— Разве Паулина говорила вам что-нибудь?
— А разве ей было что-нибудь вами сказано?
— А разве она согласна отдать руку свою этому жениху?
— А разве вы имеете право спрашивать о том?
— Почему ж нет, Прасковья Ивановна? Я люблю Паулину; мы воспитывались вместе, и почему не могу я также быть ее женихом?
Прасковья Ивановна поглядела на меня с изумленным видом, помолчала, и потом сказала:
— Мы надеемся, что вы скоро оставите Москву?
— Нет! я жду здесь приказаний моего начальства и проживу здесь еще месяц.

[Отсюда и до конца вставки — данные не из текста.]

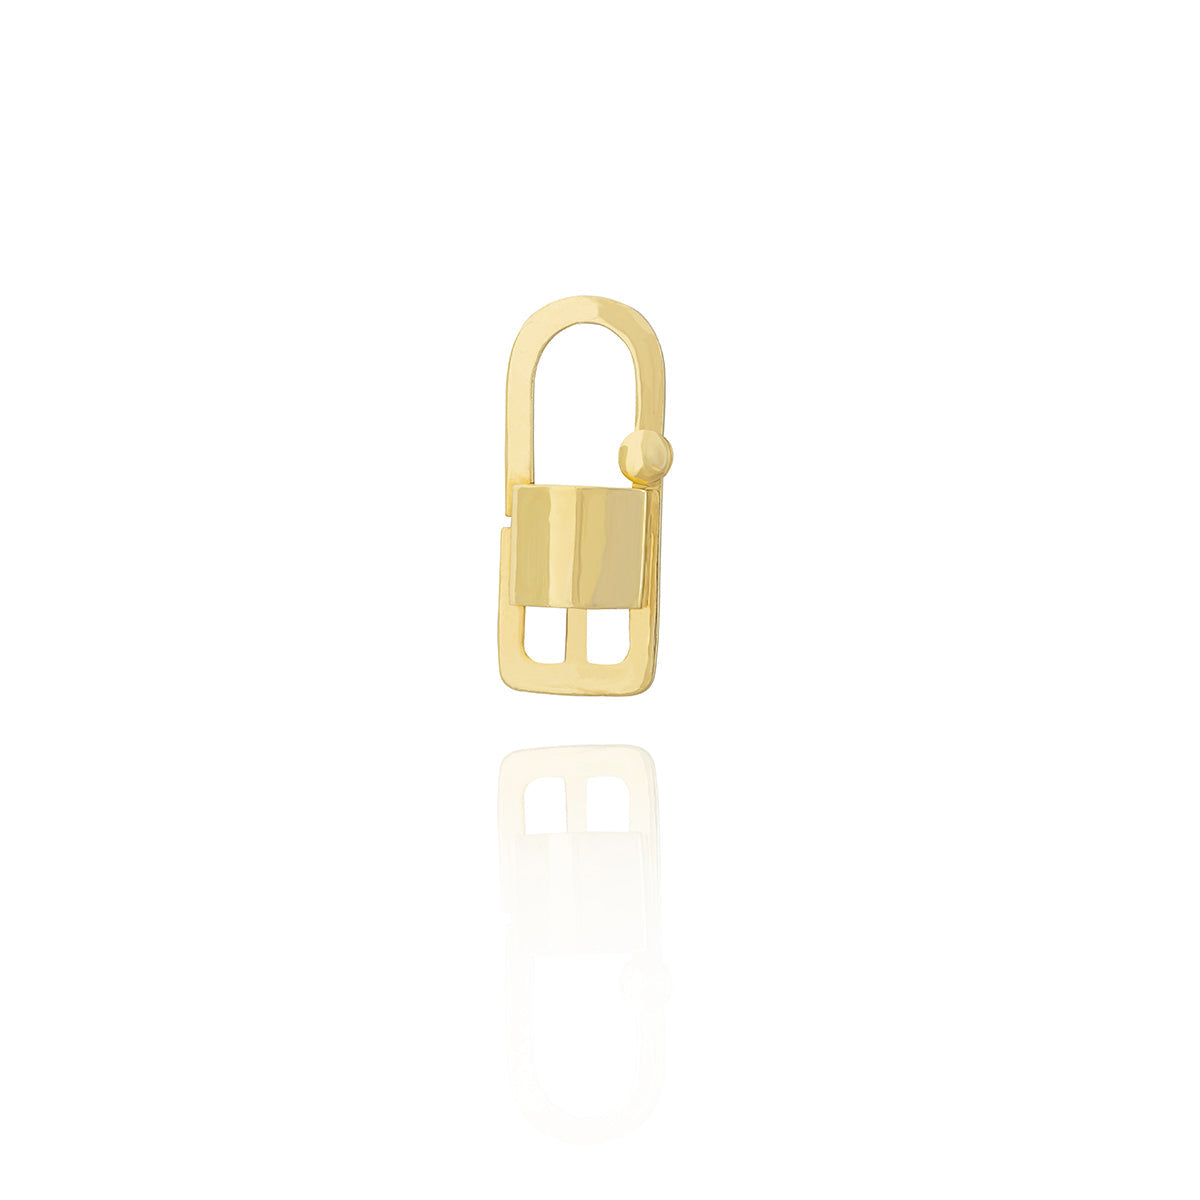 Keychain in 18k Yellow Gold

— В таком случае мы просим уволить нас от чести вашего посещения.
Я поклонился, не сказал ни слова и ушел.
III
Несчастлив ли я? Не знаю — кажется, несчастлив? Но отчего же горесть не терзает меня и сердце мое не разрывается грустью? Презрение и негодование заменили во мне любовь и печаль.
Они уехали в свою подмосковную деревню. Я не мог видеться с нею. Она не старалась, не хотела, стало быть, видеть меня — она не любила меня, или тут есть какая-нибудь тайна. Боже мой! или я ошибался в ее чувстве? Это было легкое впечатление, привычка детских лет…
Я вовсе не грущу, но, однако ж, боюсь за себя. Такая пустота в душе, такая пустота вокруг меня. Она ужасна! Уеду в деревню свою, не выгляну на людей, не пущу их никого к себе. Я стар уже теперь добиваться почестей и служить. И то семь лет погибли у меня в Петербурге. А в Москве что мне делать?
Странное впечатление!
Мне надобно было повидаться и переговорить с одним из знакомых моего дяди. Я нашел доброго старика, не сказал ему ничего о смерти дяди, назвал себя, и старик припомнил, что он знавал когда-то отца моего и мать. Мы разговорились как старые приятели. Беседу нашу прекратил какой-то незнакомец. Его синий старый сюртук, палка, зеленый картуз, лицо, походка, разговор — все бросилось в глаза мне, отвыкшему от таких оригиналов в Петербурге.
Мой оригинал подошел к хозяину, взял его за руку, посмотрел на него с минуту и сказал:
— В двадцать первый раз поздравляю тебя, поздравлю ли в двадцать второй — бог знает! — Слезы навернулись у него на глазах; он отворотился.
— Экая дрянь! — сказал он, утирая глаза. — Прощай до вечера! Я ведь к тебе со всеми?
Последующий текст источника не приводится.